[BioC] GAGE and PATHVIEW packages

Mon Oct 7 18:37:17 CEST 2013

Hi Christian,
mol.sum is written to combine or select multiple entries/probes of the same gene/molecule into one value. It should work on the differentially expressed data, i.e. fold changes or t-tests, rather than the original expression data. Because it select probes based on their variances.
For your original expression data, you may follow a similar approach as mol.sum.
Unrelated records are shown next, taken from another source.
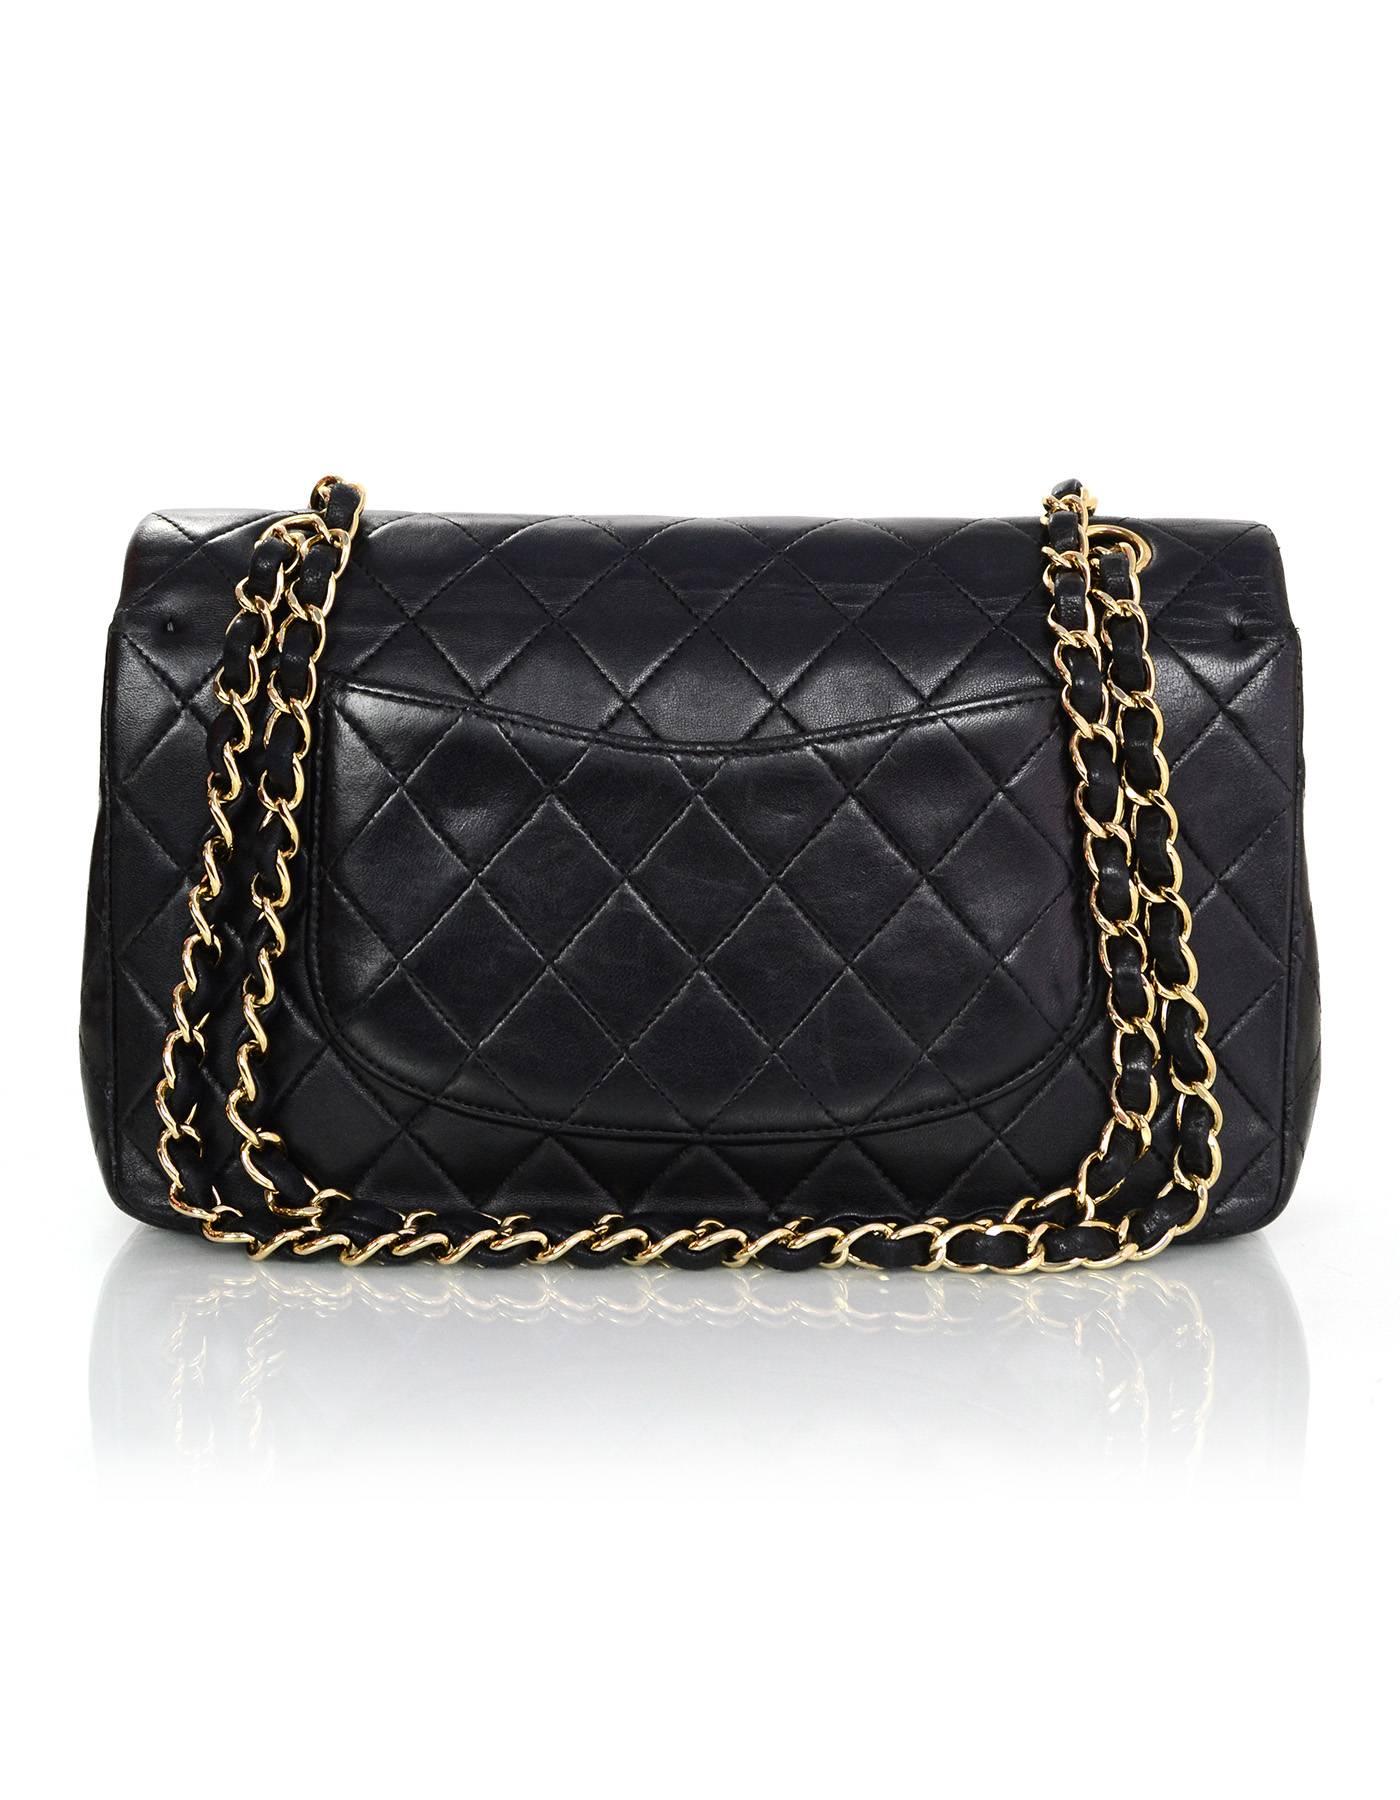 Chanel Black Quilted Classic Medium Double Flap Bag

Made In: France
Year of Production: 2002-2003
Color: Black
Hardware: Goldtone
Materials: Lambskin
Lining: Black and burgundy leather
Closure/opening: Double flap top with snap and CC twist
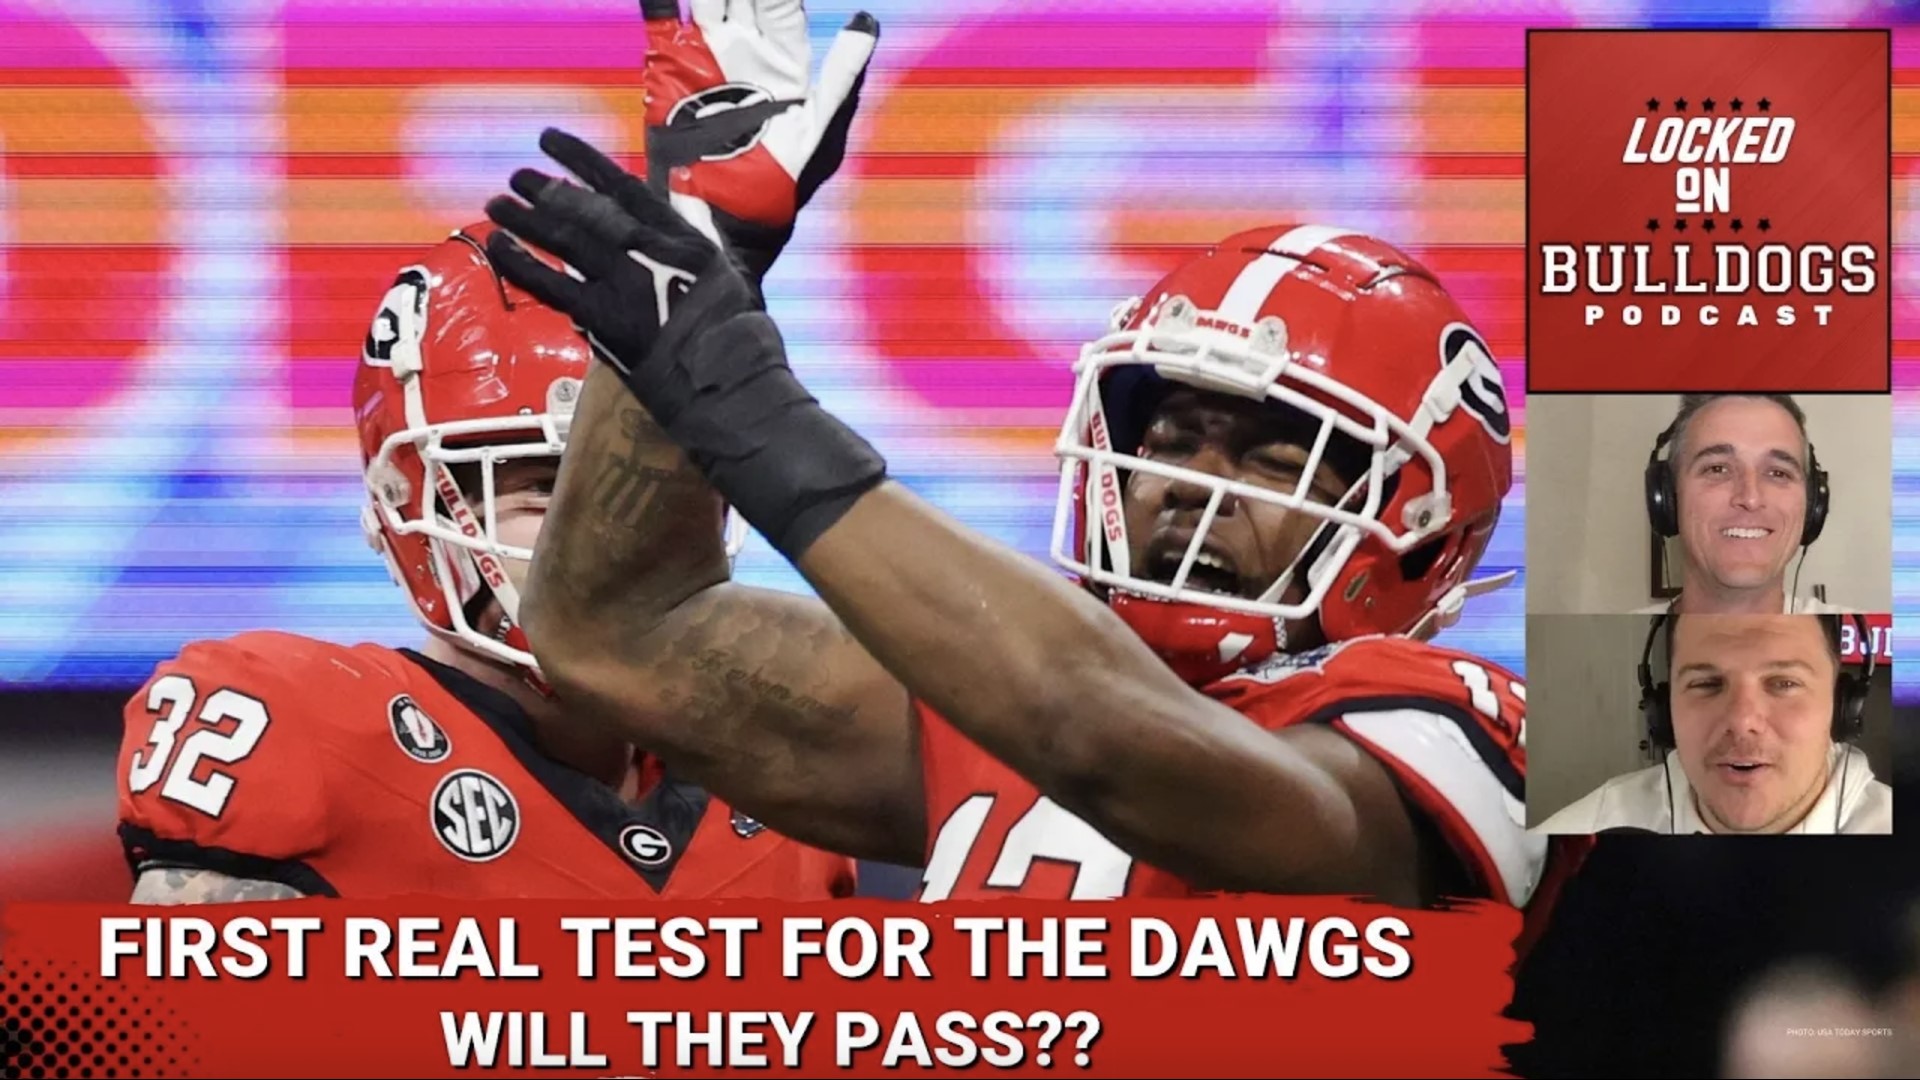 GEORGIA FOOTBALL: IF USCjr keeps it close against this UGA team it will be because...
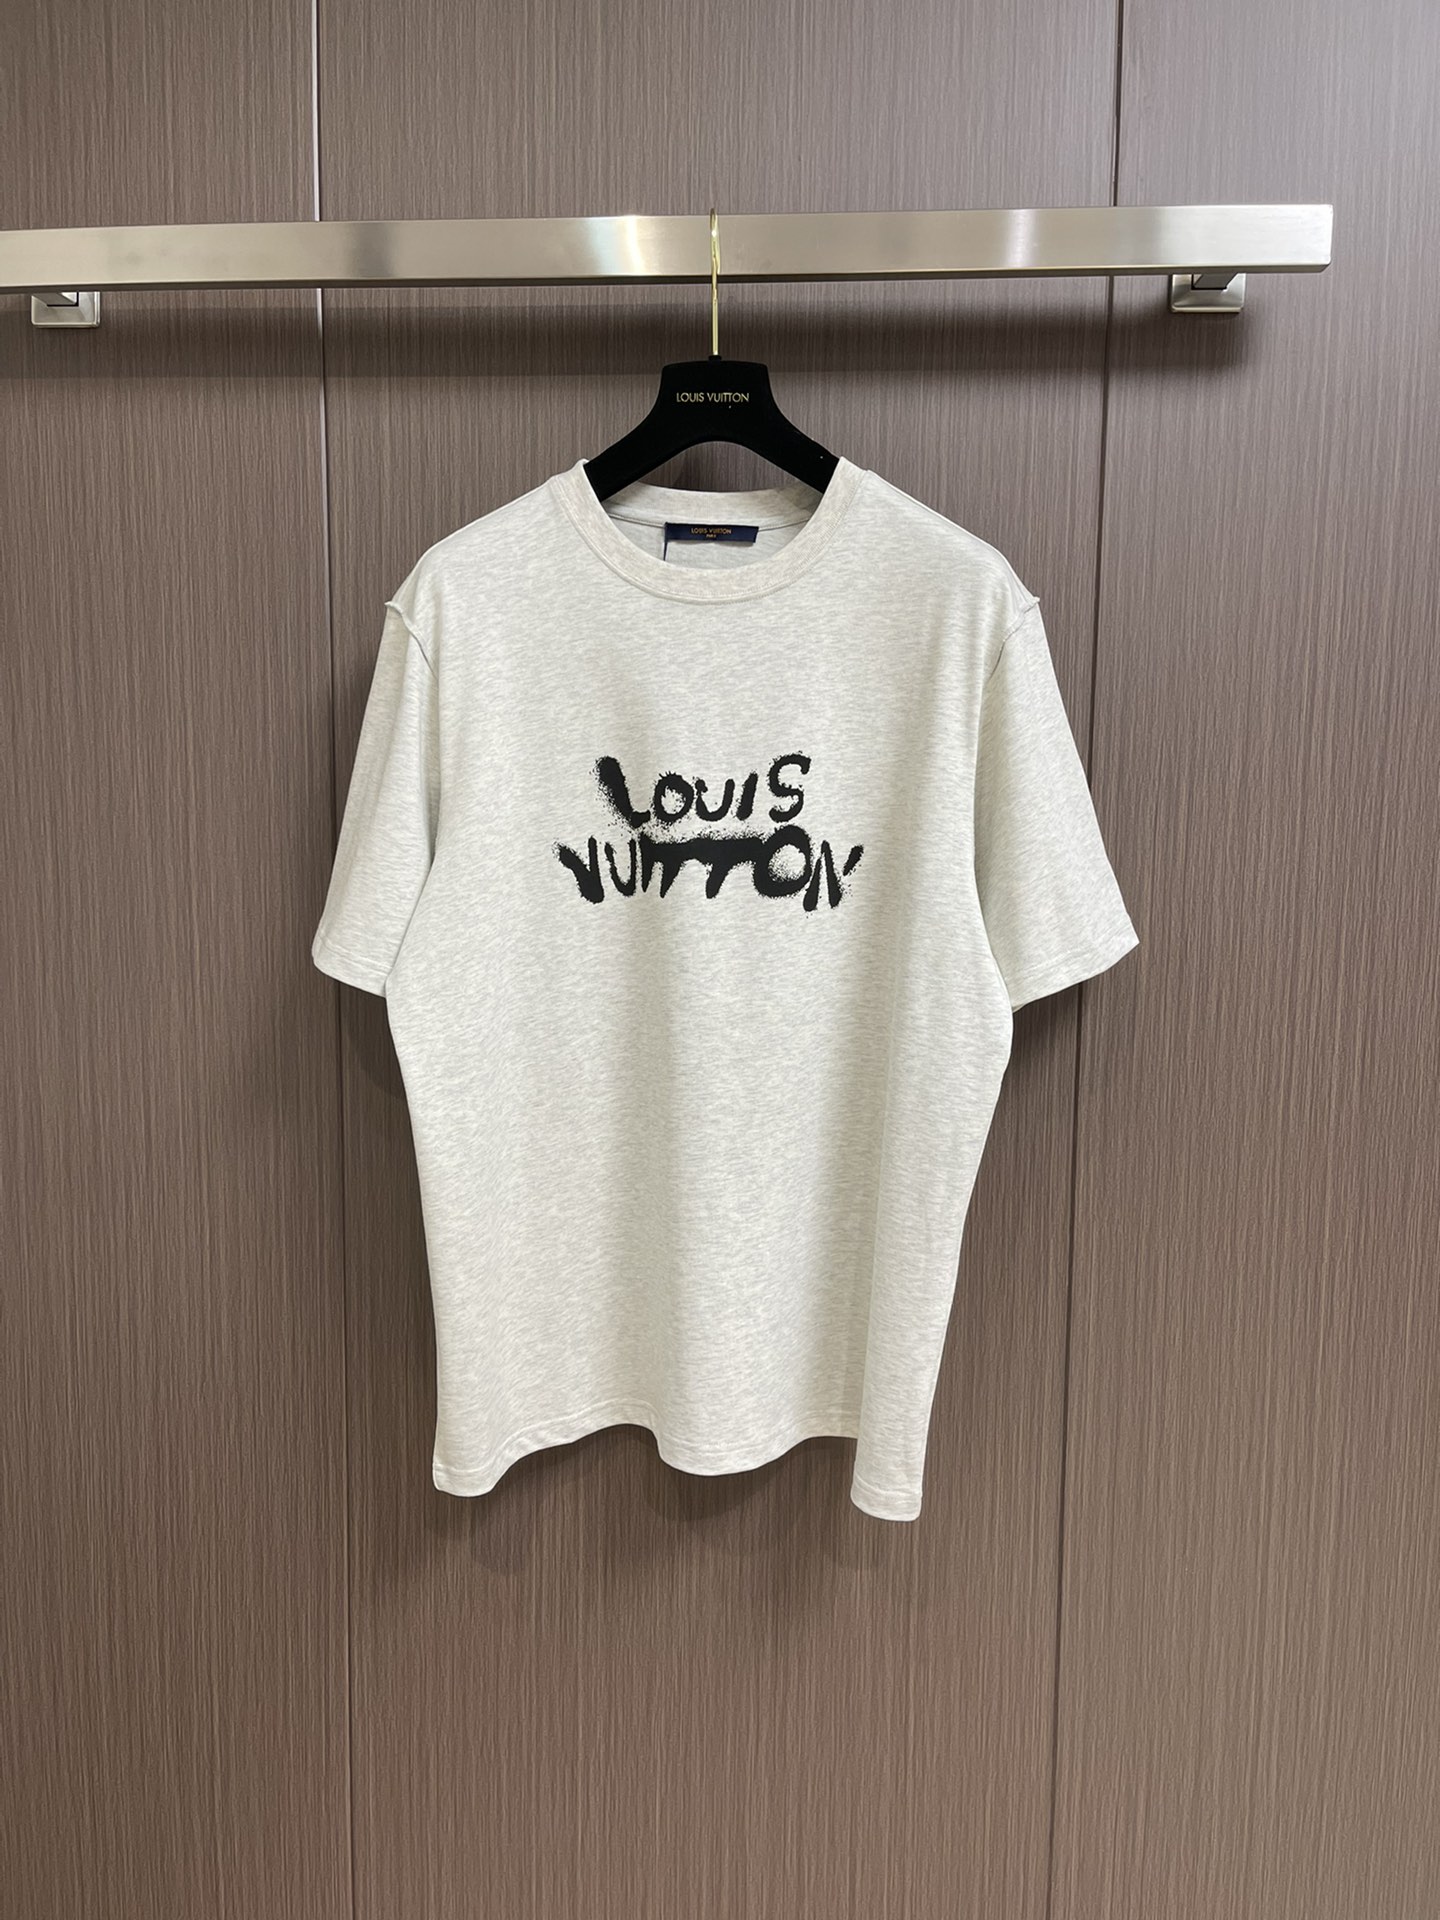 Buy High Quality Cheap Hot Replica
 Louis Vuitton Clothing T-Shirt Black Grey White Printing Cotton Knitted Knitting Summer Collection Short Sleeve

I would recommend to use "max.abs" to probe set with the max variance as the representative of the gene. 
In gage package, we have a vignette named “Gene set and data preparation” to address your issue in detail under the section of “Probe set ID conversion”. The vignette is available at: http://bioconductor.org/packages/2.13/bioc/vignettes/gage/inst/doc/dataPrep.pdf.
Weijun

--------------------------------------------
On Mon, 10/7/13, Christian De Santis <christian.desantis at stir.ac.uk> wrote:

 Subject: RE: GAGE and PATHVIEW packages

 Cc: "bioconductor at r-project.org" <bioconductor at r-project.org>
 Date: Monday, October 7, 2013, 7:49 AM

 Hi Weijun,

 Thanks for your prompt reply. It was very helpful to clarify
 my doubts, although it generated one more. 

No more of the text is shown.